_THE TASK_.
Please restate each line of the data below exactly. Omit all images.

_EXERCISE DATA_.
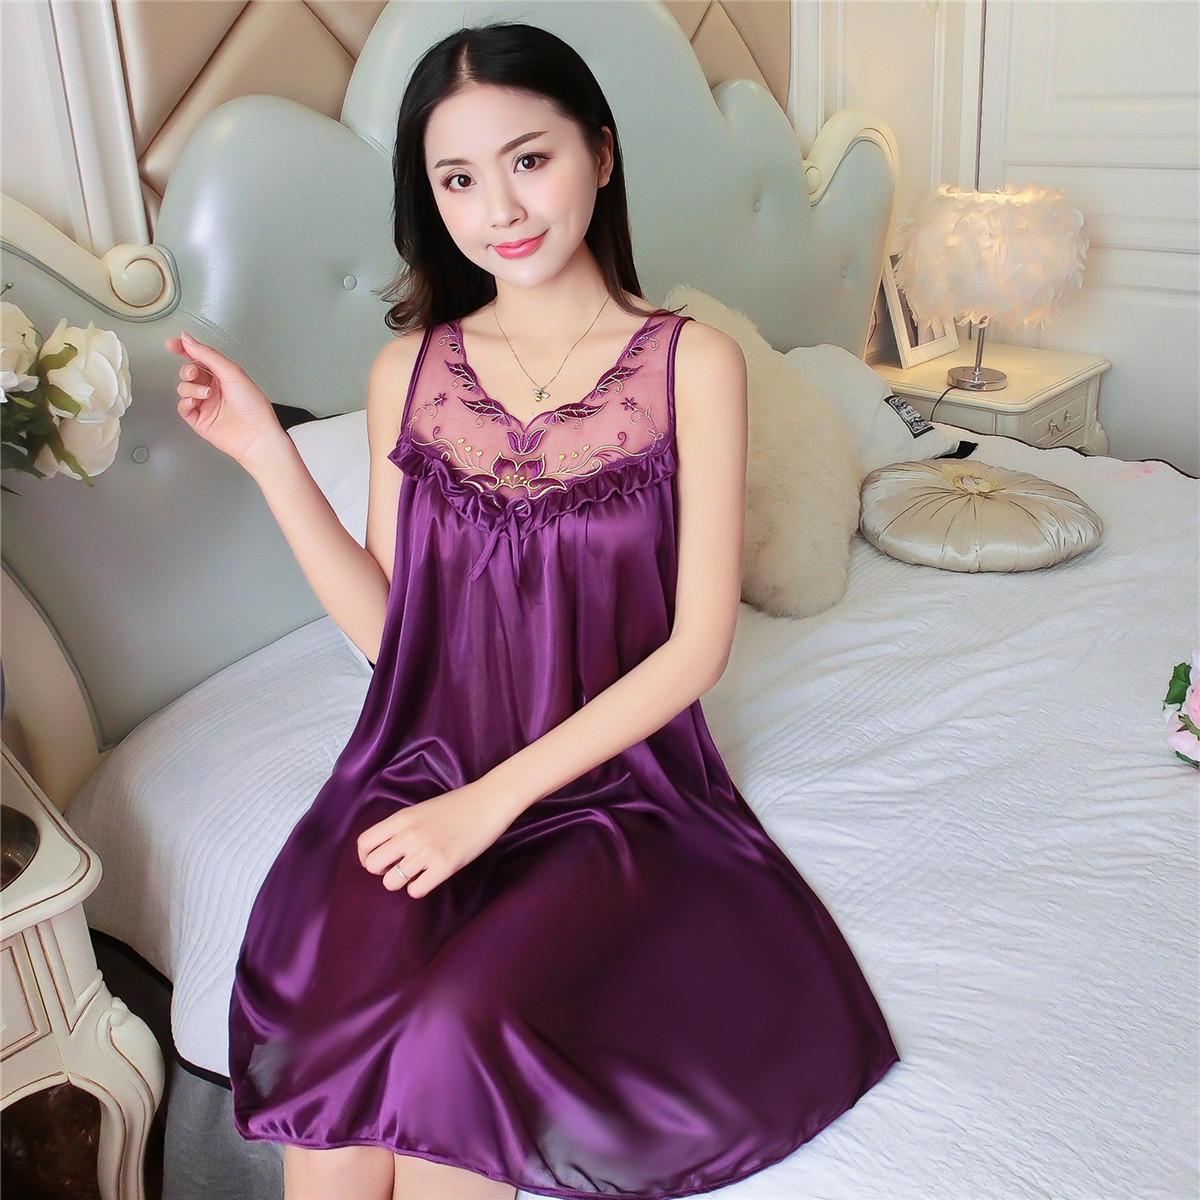 5323238cf6 Women Silk Nightgown 2018 New Sweet Young Sleeveless Fashion Girl Sleepwear  Summer Ladies Sleepshirts 7 colour-in Nightgowns   Sleepshirts from  Underwear ...
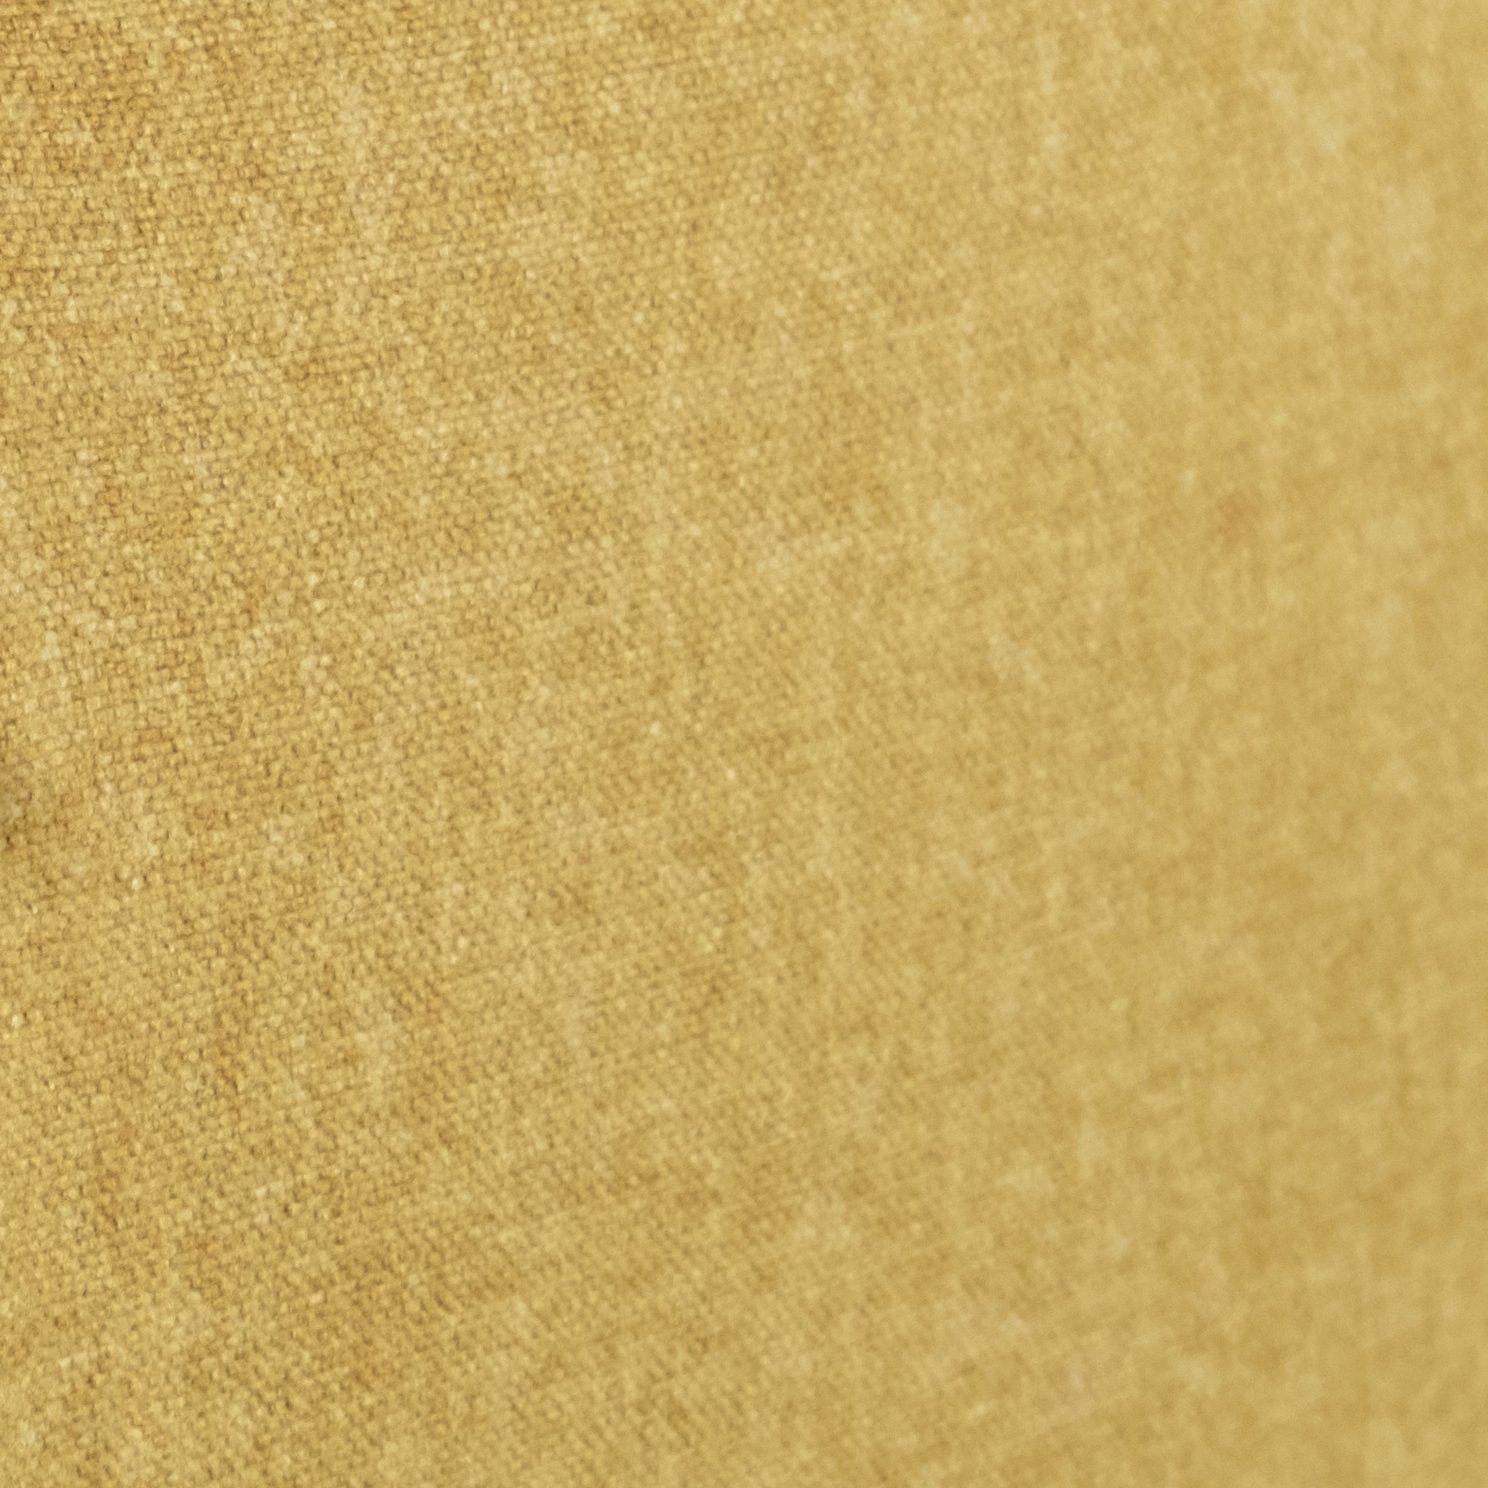 Decowood Cabecero Liso, Poliéster, Mostaza, Individual, 90x80x7,5 cm: Amazon.es: Hogar
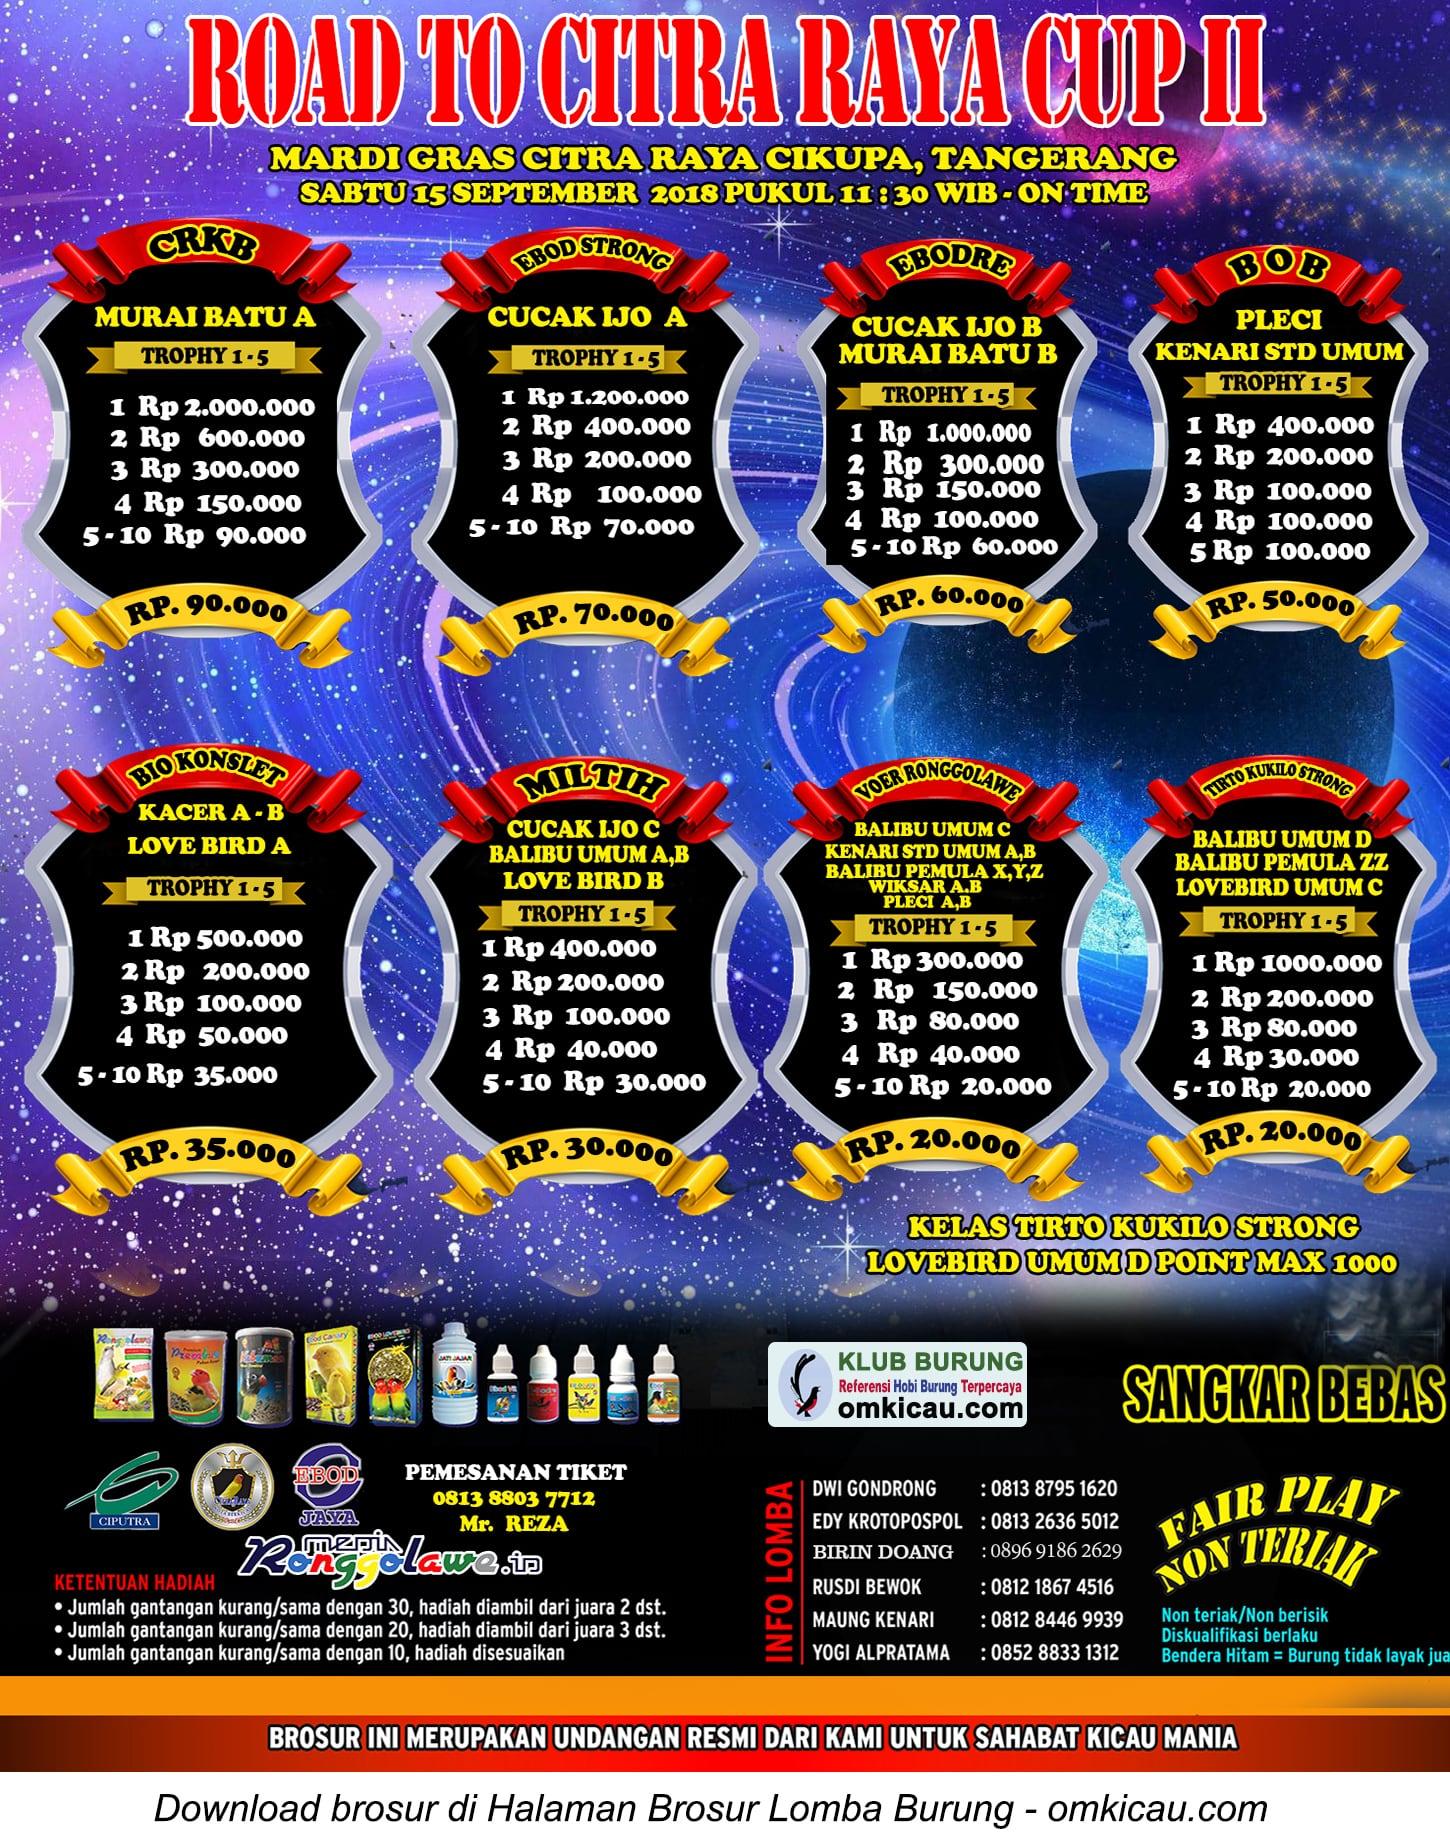 Road to Citra Raya Cup II
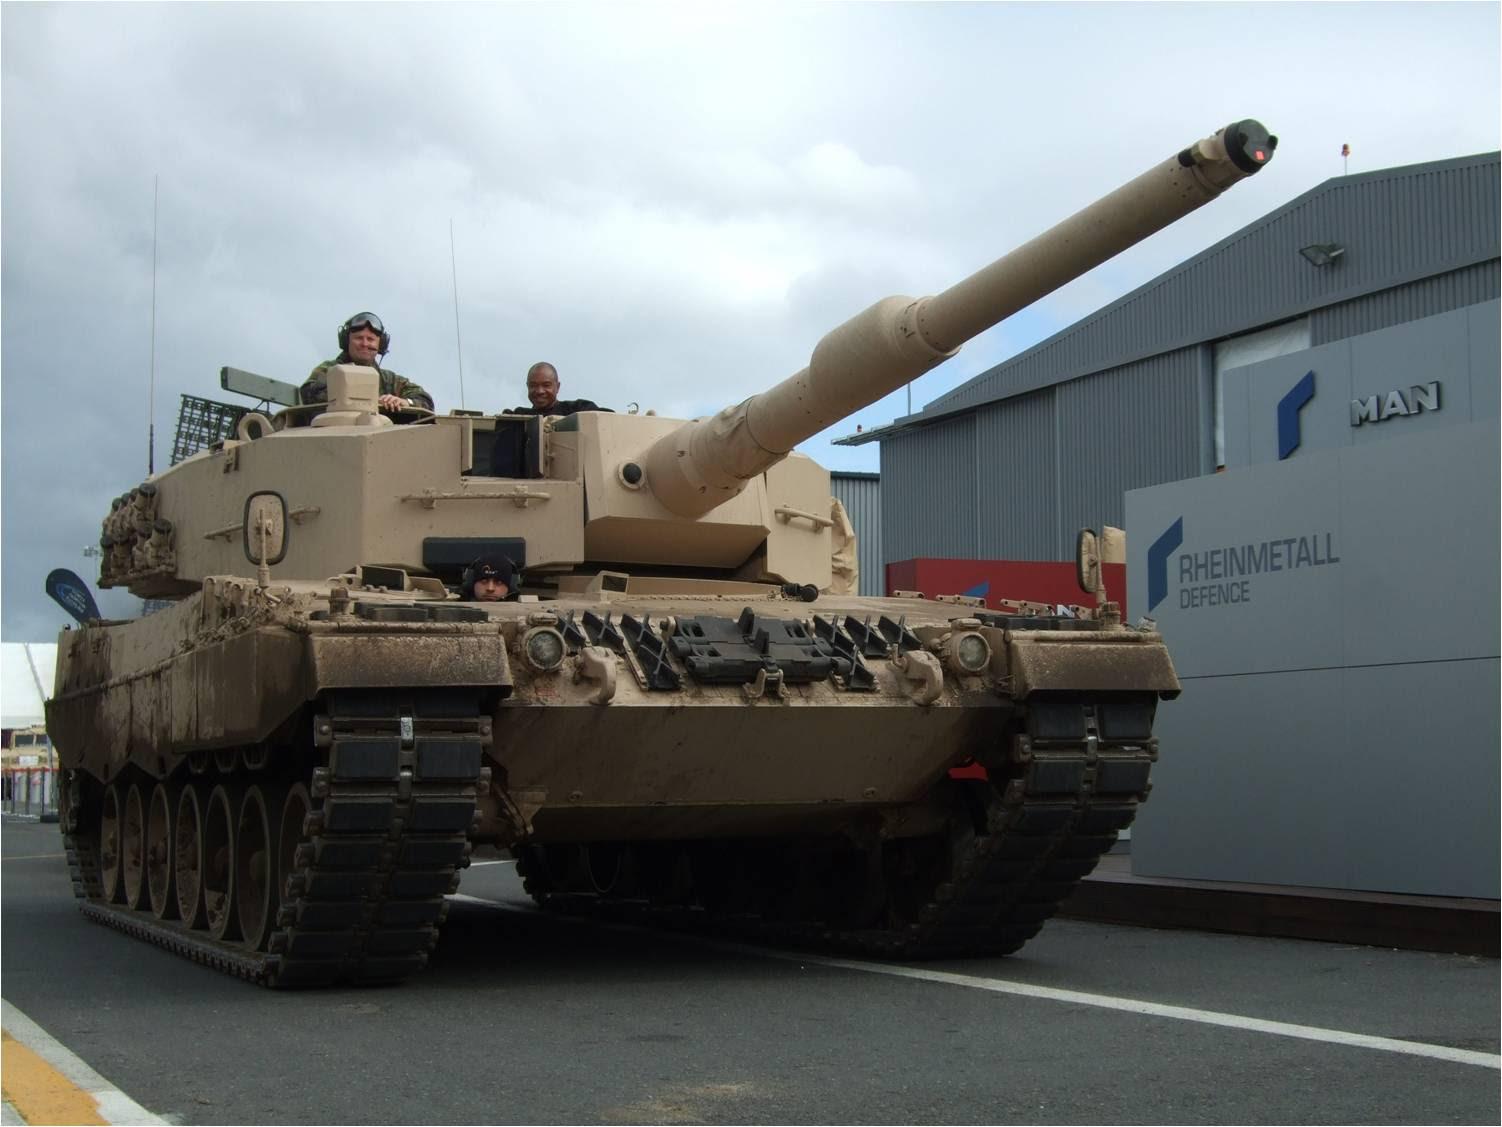 Ternyata tank Leopard tidak merusak jalan...

_SOLUTION FOR THIS EXERCISE_.
 5323238cf6 Women Silk Nightgown 2018 New Sweet Young Sleeveless Fashion Girl Sleepwear  Summer Ladies Sleepshirts 7 colour-in Nightgowns   Sleepshirts from  Underwear ...
 Decowood Cabecero Liso, Poliéster, Mostaza, Individual, 90x80x7,5 cm: Amazon.es: Hogar
 Road to Citra Raya Cup II
 Ternyata tank Leopard tidak merusak jalan...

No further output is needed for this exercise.